The Double Sunrise service was formed in July 1943 to re-establish the Australia–England air link that had been cut due to the fall of Singapore in February 1942. The service initially operated from its base in Nedlands, Western Australia near Perth, to the Royal Air Force base at Lake Koggala near Galle in Ceylon (now Sri Lanka). It was later extended to Karachi in British India (now part of Pakistan), which was the terminus for the BOAC service from England. The name of the service was derived from the crew and passengers observing two sunrises on the westbound flight from Australia. With a single flight taking between 27 and 33 hours, it was and remains the longest (by time aloft) commercial flight in history.

== Background ==
The commercial aviation link between Australia and the United Kingdom was established in 1934 (later to be coined "The Kangaroo Route"). In June 1940, it was interrupted when access to the direct commercial air routes across the Mediterranean were lost due to Italy entering the war. The resulting wartime "Horseshoe Route" that connected Australia and England for airmail (via Africa) then started its operation in the same month and ran until its final reserve route ("Reserve Route 3") connecting Australia via Broome was lost on 15 February 1942 with the fall of Singapore. Plans for restoration of the connectivity were started in early 1943, resulting in the ideation, equipping, and successful testing of what would become the Double Sunrise service.

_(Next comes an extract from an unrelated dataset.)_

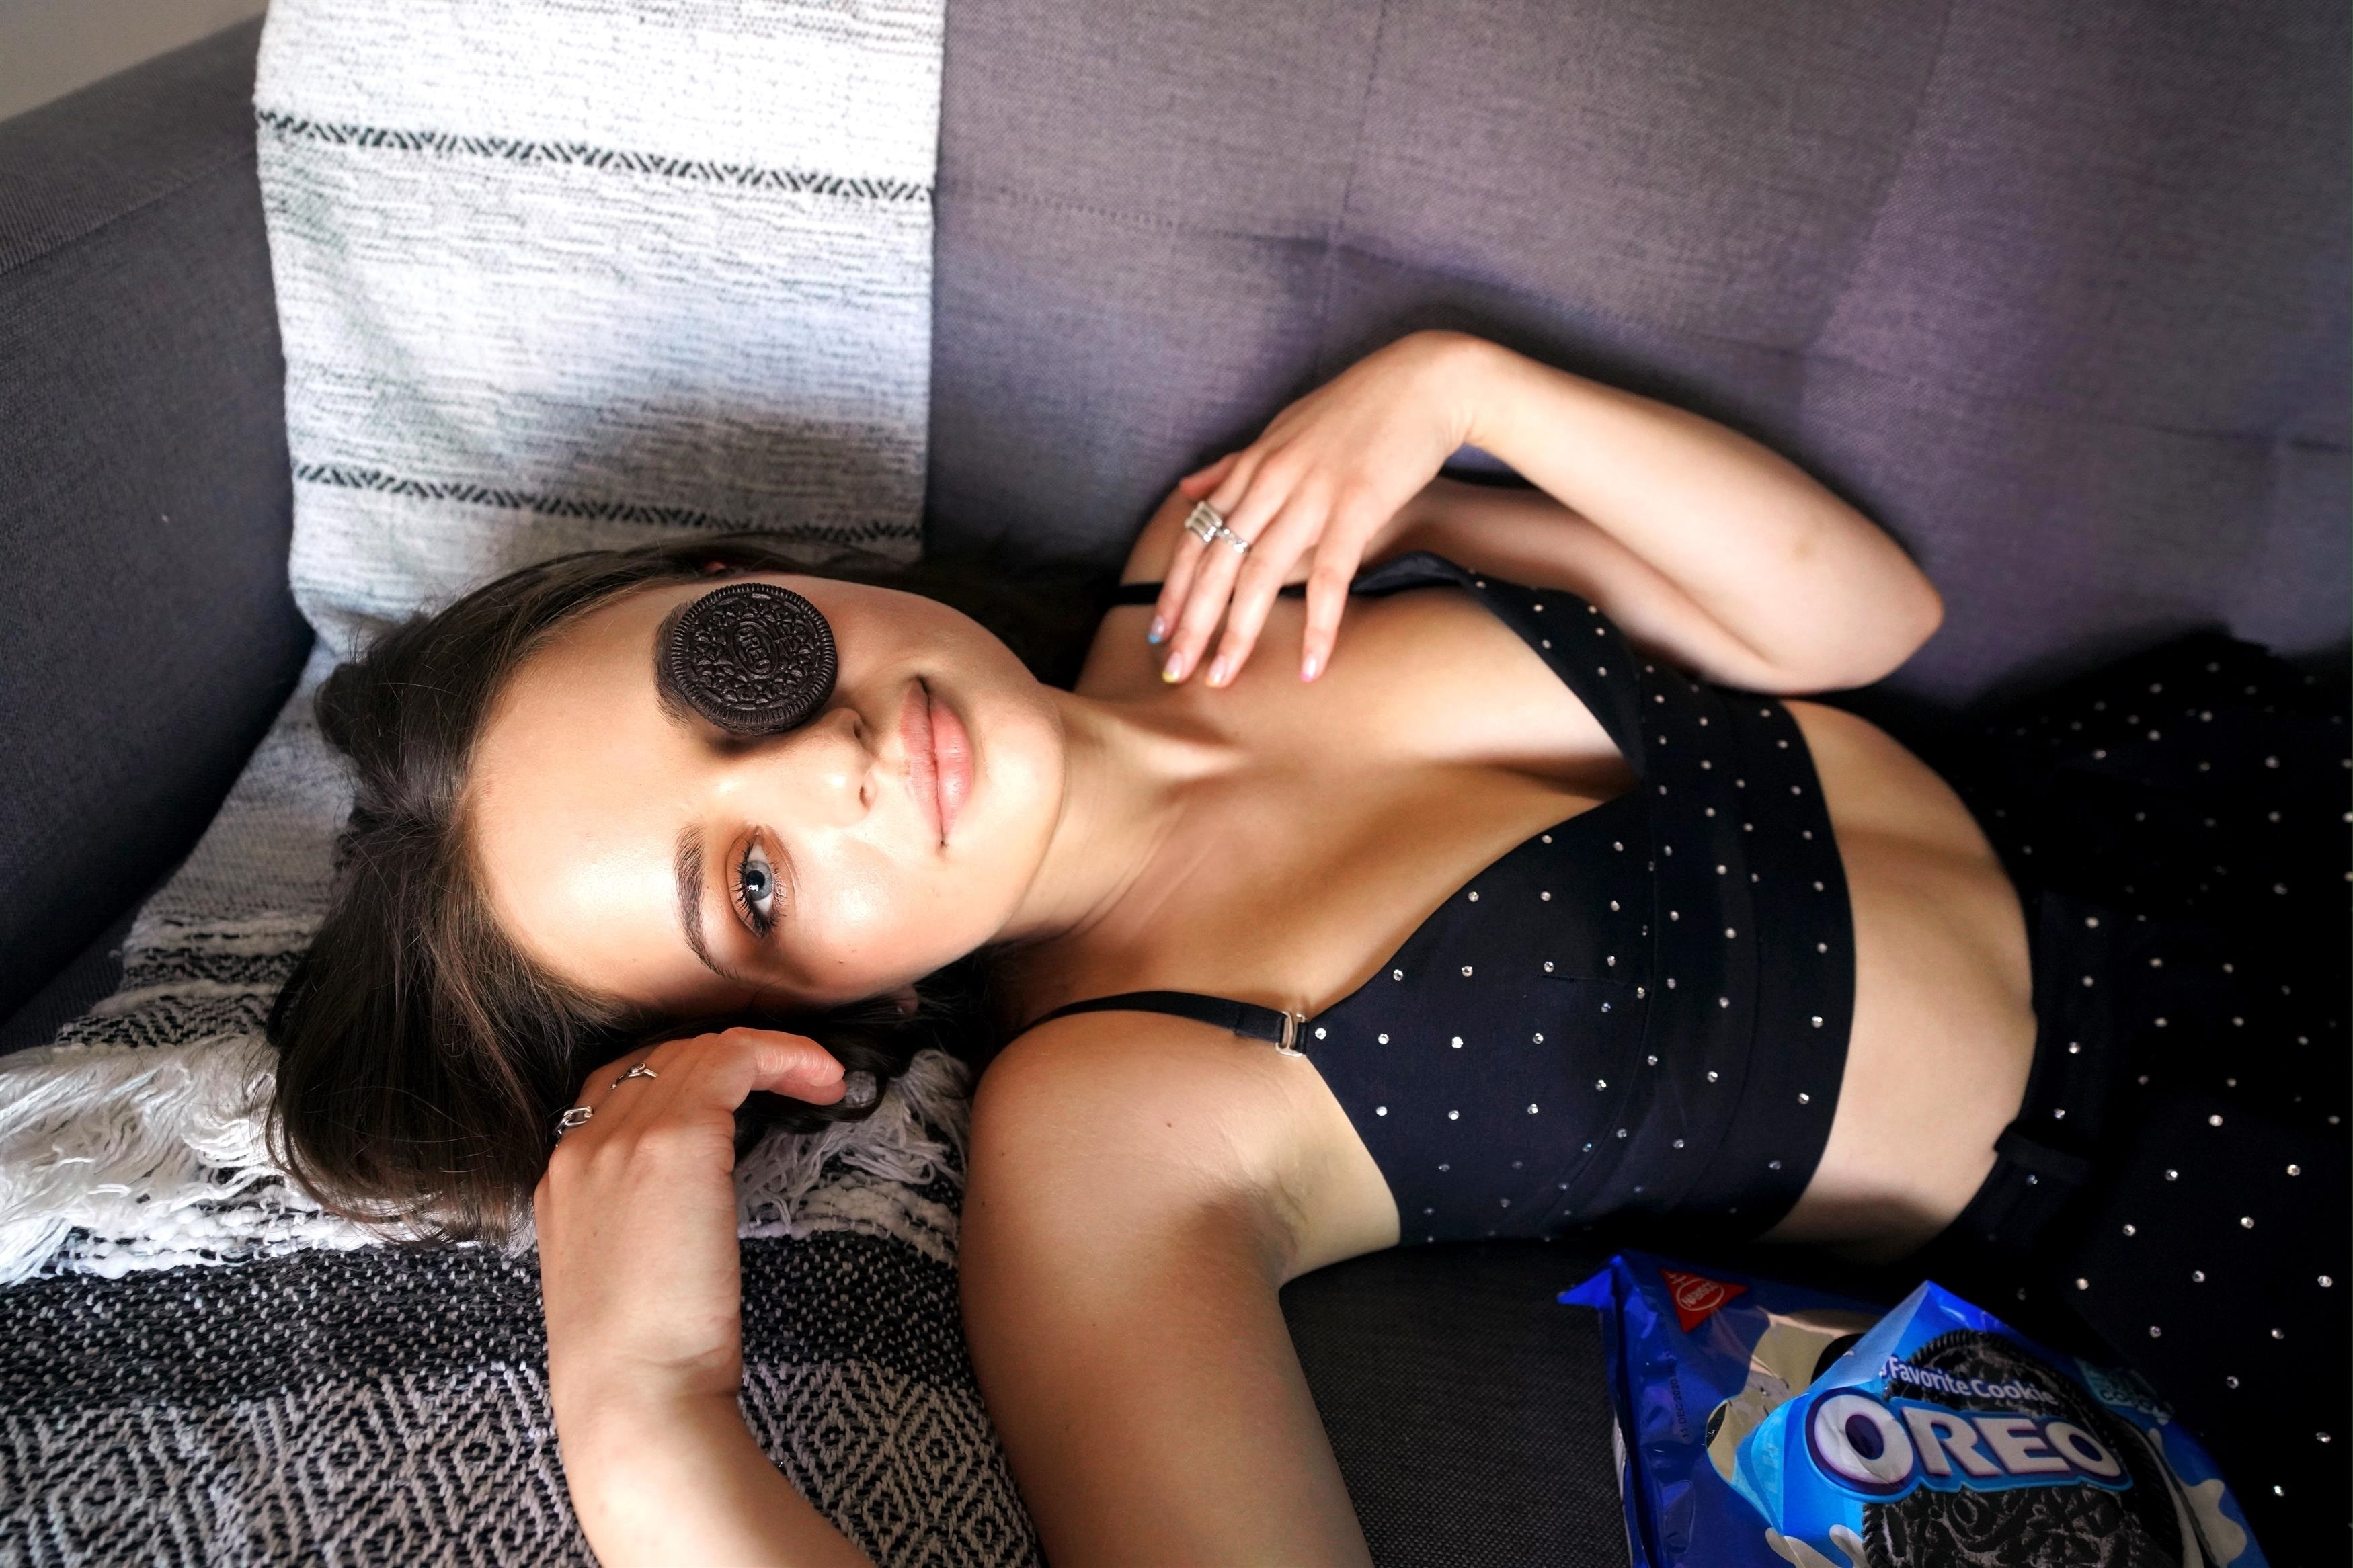 Joey King is Getting Sensual With an Oreo! - Photo 10

Earlier in 1939 an alternative route via the Indian Ocean was proposed and designed by the Australian Government for potential use in case of emergency. The designed route was Port Hedland – Batavia – Christmas Island – Cocos Island – Diego Garcia – The Seychelles – Mombasa. This route was surveyed and tested in June of 1939 but would ultimately not be used as Batavia had already fallen in March 1942 in the Battle of Java (1942). Direct airmail connectivity to Africa would eventually be restored via the Double Sunrise service connecting to BOAC's service from Koggala via the Seychelles to Mombasa in November 1944.

==History==
In 1943, Royal Australian Air Force personnel were seconded to operate Consolidated PBY Catalina seaplane aircraft under the banner of Qantas. The plan called for flights between Crawley, Western Australia, and RAF Base Koggala in southern Ceylon. The flights were (then) the longest non-stop air route of any airline, over 3,500 nmi across the Indian Ocean. Navigating without the aid of radio, the crews relied solely on rudimentary navigation by compass and stars during the trip. Five aircraft obtained under Lend-Lease were supplied by the British Air Ministry, and were named after stars used for navigation en route: Rigel Star, Spica Star, Altair Star, Vega Star and Antares Star. The first flight took place on 29 July 1943.

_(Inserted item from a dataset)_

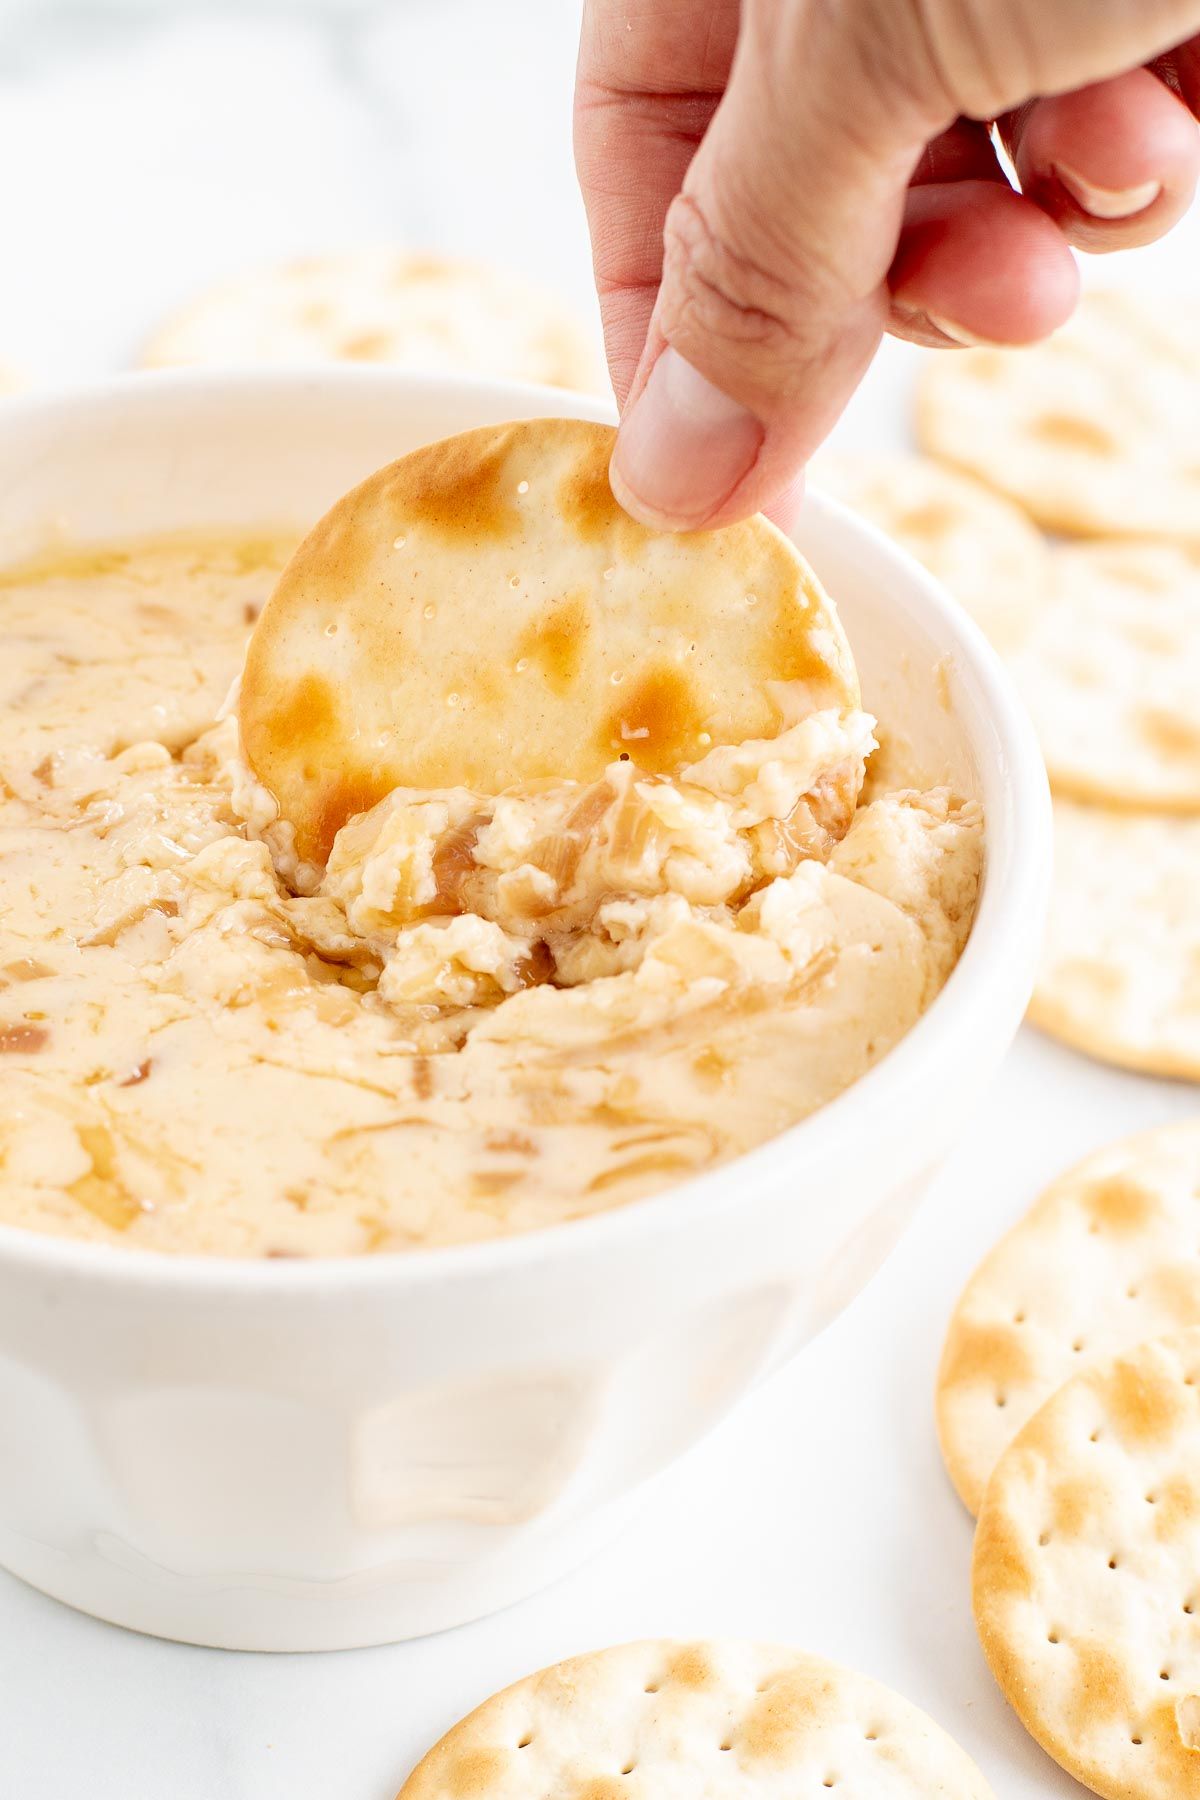 A white bowl of dip surrounded by crackers, a hand dipping one

Taking between 27 and 33 hours, with departure timed so that the flight crossed Japanese occupied territory during darkness, the crews would observe the sunrise twice, which led to the service being known as "The Double Sunrise". The flight route flown was along the coast from Crawley to Exmouth then setting out towards Cocos (Keeling) Island or Christmas Island (though neither was actually sighted during the flight) and onto Galle, a journey of approximately 3580 nmi. After the success of the initial flights, it was decided to run a weekly service, with some services flying over Rottnest Island and then taking a direct line to Galle. As part of the Australia-England air route there was a surface component from Galle to Karachi that added considerable time to the service. This was later replaced by the Double Sunrise service, with Karachi to England flown by BOAC. Air crews would change in Galle taking the next plane in either direction minimizing the time taken to complete the journey.

Though stripped of all non-essential equipment, including de-icing equipment and insulation, the average takeoff weight was 35100 to 35300 lb (maximum takeoff weight for a PBY Catalina was 35400 lb); this included 1988 impgal of fuel, which gave the Catalina a range of 3600 nmi. The service made 271 crossings, delivered over 10000 lb of mail and carried 860 passengers, including among them British MP Edith Summerskill and the journalist Keith Murdoch. Due to the weight of the auxiliary fuel, an average flight carried only 3 passengers and 152 lb of essential mail.

Starting in June 1944, Qantas augmented the Catalinas with the first of two converted Consolidated Liberator bombers. The Liberators flew a shorter 3077 mi over-water route from Learmonth to an airfield northeast of Colombo, but they could make the journey in 17 hours with 5500 lb of payload, whereas the Catalinas usually required at least 27 hours and their payload was limited to only 1000 lb. The route was named Kangaroo Service and marked the first time that Qantas's now-famous Kangaroo logo was used; passengers received a certificate proclaiming them as members of The Order of the Longest Hop.

In June 1945, Avro Lancastrians were introduced on the England–Australia service, and the Liberators and Catalinas were soon shifted to other Qantas routes. Double Sunrise service ended on 18 July 1945. After the war, in accordance with the terms of the Lend-Lease agreement, the five modified Catalinas that had flown The Double Sunrise service were scuttled.

The Double Sunrise flights remain the longest (in terms of time aloft) commercial flights in history.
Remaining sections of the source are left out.